# Microsoft Started Upgrading Windows Live Hotmail Accounts to Wave 3



## Vishal Gupta (Sep 29, 2008)

*img.photobucket.com/albums/v374/vishaal_here/Windows_Live_Mail.png


Microsoft has silently started upgrading existing Windows Live Hotmail accounts to new *Wave 3*. Some people have reported that when they logged into their Live Mail accounts, they were presented with a message asking them to upgrade to new Hotmail version.

Remember that only a few accounts have been upgraded to Wave 3. It might be possible that you don’t get the new look in your account. Wait for some time and all accounts will be upgraded very soon.

There are also a few new *themes* available similar to Windows Live Messenger to change the Live Hotmail interface look.

*More Info with Screenshots*


----------



## comp@ddict (Sep 29, 2008)

I've got microsoft live mail, i'll check and confirm rite now..


----------



## cooldudie3 (Sep 29, 2008)

Mine 2 accounts don't have it. Sad.


----------



## apoorva84 (Sep 29, 2008)

no changes in mine yet..but 70% faster...looks like speed is microsoft's new mantra..good for us, anyway...


----------



## debsuvra (Sep 29, 2008)

Mine is updates with the new looks and it is indeed faster than the previous one.


----------



## comp@ddict (Sep 30, 2008)

I'm still waiting for mine..


----------



## cooldudie3 (Oct 1, 2008)

Gmail is always the best. Which is why there are 187 messages in my Windows Live Mail account.
Maybe it's for that particular language. Change your account to Spanish and see what happens...

It's true guys.
*www.windowslive-hotmail.com/comingsoon/en-us/default.htm


----------



## comp@ddict (Oct 1, 2008)

Not yet, aww itna der!!


----------



## Cool Joe (Oct 1, 2008)

I've got a Hotmail account but I stopped using it anyway. Gmail is more than enough for me. I hate those ads with Hotmail.


----------



## comp@ddict (Oct 1, 2008)

I also like in.com's id, small, fast, sweet


----------



## ThinkFree (Oct 1, 2008)

^^But very bad when you need to retrieve your lost password. I am neither able to login using my password, nor able to get new one.

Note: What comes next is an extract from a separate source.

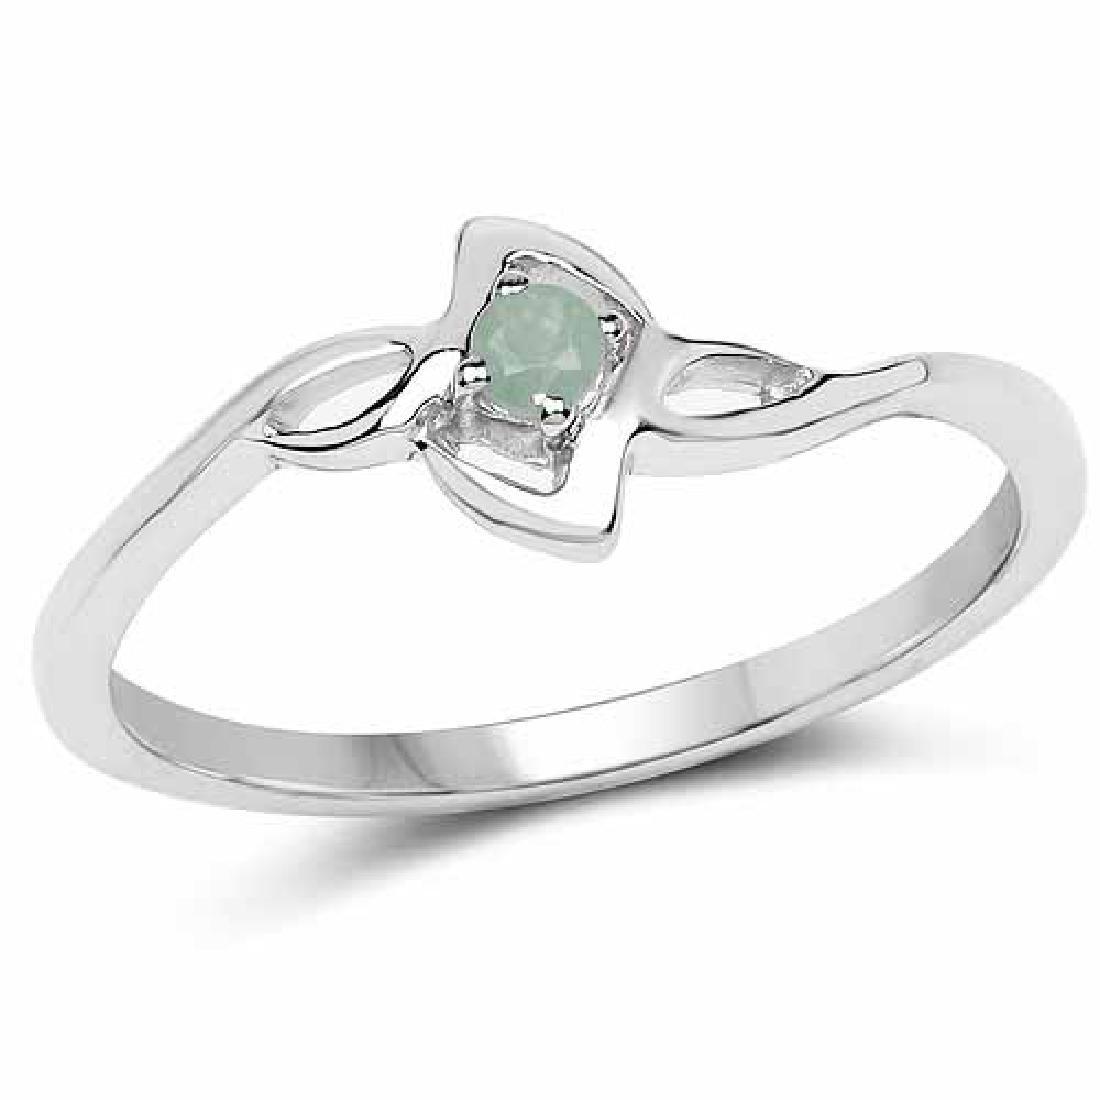 0.06 Carat Genuine Emerald .925 Sterling Silver Ring

I am still seeing the old interface.


----------



## apoorva84 (Nov 5, 2008)

mine is updated...looks and feels good...and its faster..


----------



## swordfish (Nov 5, 2008)

hey vishal, in the screen shot, title says its mozilla firefox!!


----------



## j_h (Nov 5, 2008)

I dont give a ****. I use gmail.


----------



## ravi_9793 (Nov 5, 2008)

Mine is updated... its fast and cool.


----------



## chesss (Nov 5, 2008)

AMAZING!!!11!!1..........that people still use hotmail


----------



## NucleusKore (Nov 5, 2008)

Was done a week back (I'm a Hotmail Plus user), and it's a lot worse than it was earlier.

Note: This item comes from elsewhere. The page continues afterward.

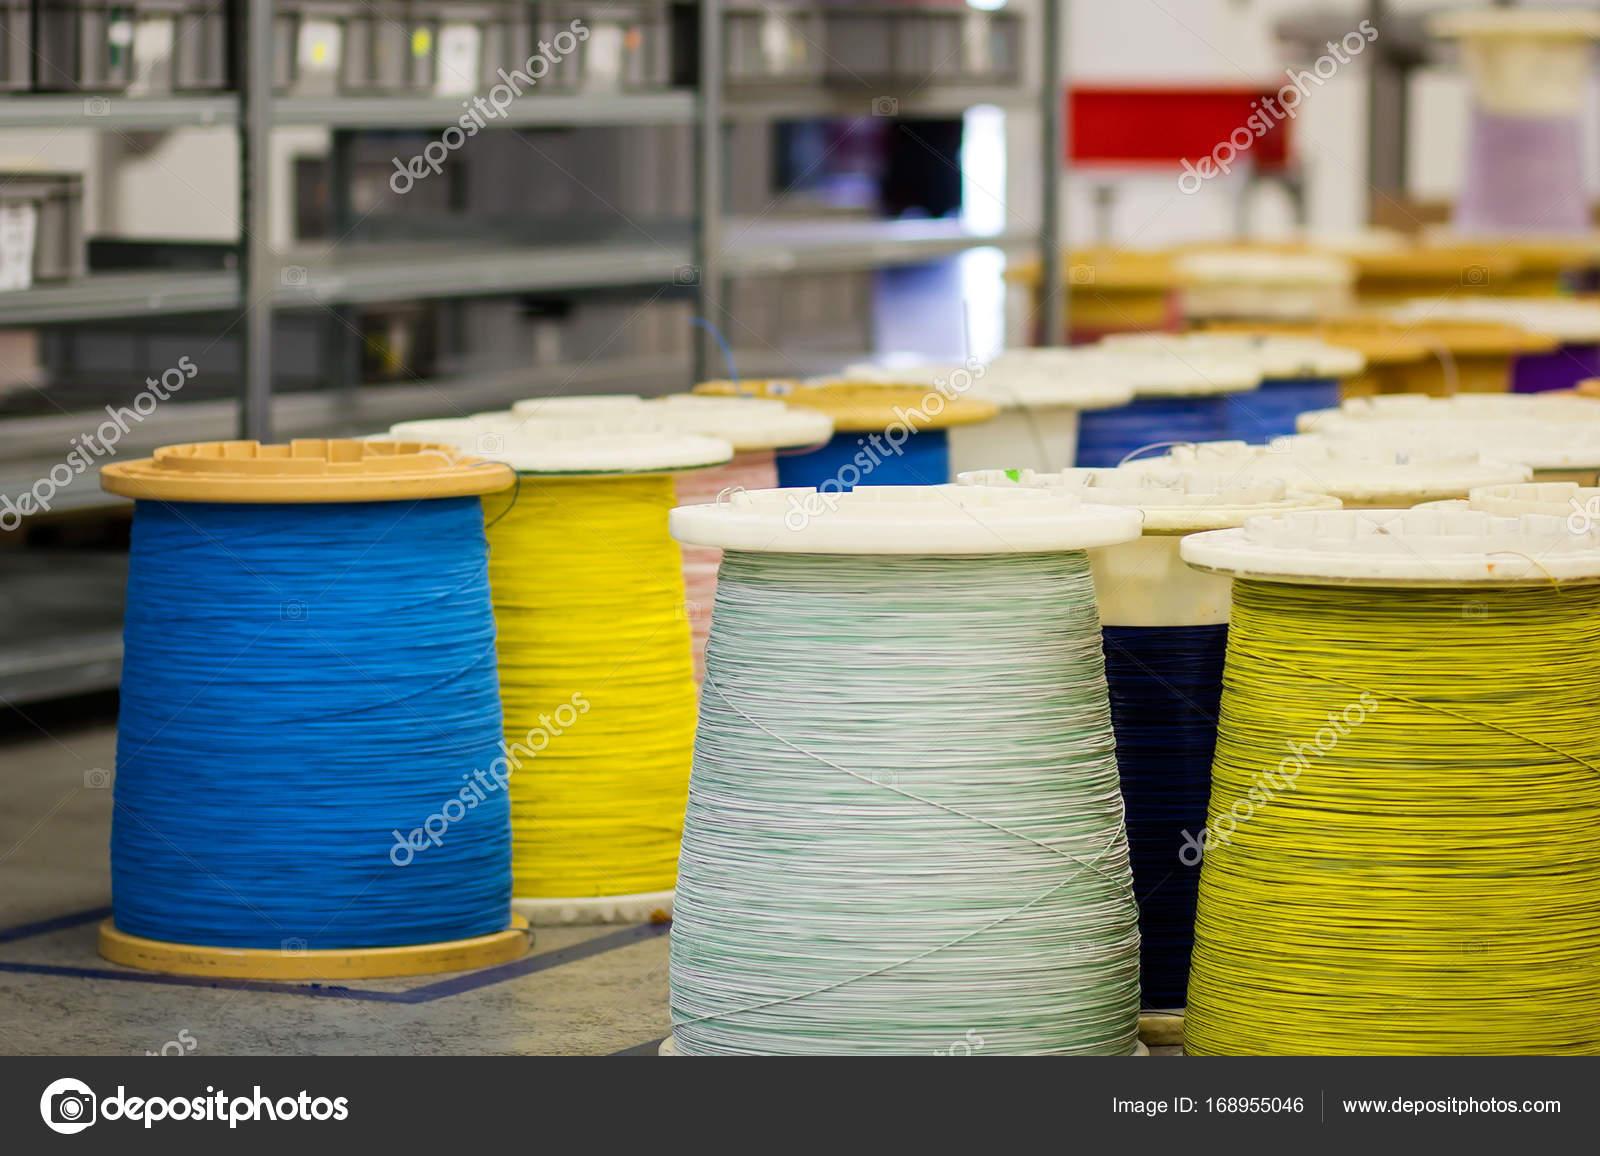 Industrielle Spulen mit Kabel — Stockfoto © MilenneT #168955046

*img520.imageshack.us/img520/8453/hotmailgo6.th.png

If there was a way to go back to the simple hotmail (GMail has that option), I'd definitely opt for it. I somehow get a feeling that it has been made to work properly only in Internet Explorer, although when I login to my account I get this message.

*img529.imageshack.us/img529/9373/hotmail1sf6.th.png

Funny, I am using Firefox !!


----------



## ThinkFree (Nov 5, 2008)

^^Didn't get any such warning message when I logged in first time, but on second attempt it was shown.


----------



## mail2and (Nov 5, 2008)

The new interface is a PITA. I'm stuck with a hotmail a/c because I use it since a long time. I just hope I could use the gmail interface with the hotmail a/c.


----------



## iMav (Nov 5, 2008)

@NucleusKore, I've got that error sometimes, just *typing* the URL again works fine.


----------



## amritpal2489 (Nov 5, 2008)

mine got upgraded.............


----------



## Faun (Nov 5, 2008)

NucleusKore said:


> Was done a week back (I'm a Hotmail Plus user), and it's a lot worse than it was earlier.
> 
> *img520.imageshack.us/img520/8453/hotmailgo6.th.png
> 
> ...


try accessing mobile me lolz 

It seems that firefox is recognized as minefield  or iceweasel. Or may be they phail at recognizing in Linux.


----------



## cooldudie3 (Nov 12, 2008)

Mine is changed.


----------



## NucleusKore (Nov 12, 2008)

Update: Compose messages does not work for me in Firefox 3.03 or Opera 9.60. In Opera I also cannot open messages 

I am reduced to using my hotmail on ie6 through WINE.


----------



## ThinkFree (Nov 12, 2008)

^^No such problem for me on Firefox 3.0.3 on Fedora9


----------



## Abhishek Dwivedi (Nov 12, 2008)

i got upgraded   n wrks gr8


----------



## cooldudie3 (Nov 17, 2008)

I got the bad browser warning the second time using safari. But somehow the first time it worked. I forgot to take a screenshot. But I will.
@NucleusKore, You really pay to be a Hotmail Plus user??
*img152.imageshack.us/img152/3953/hotmailsigninvz7.th.png*img152.imageshack.us/images/thpix.gif
The sign in changed too.


----------



## NucleusKore (Nov 17, 2008)

cooldudie3 said:


> @NucleusKore, You really pay to be a Hotmail Plus user??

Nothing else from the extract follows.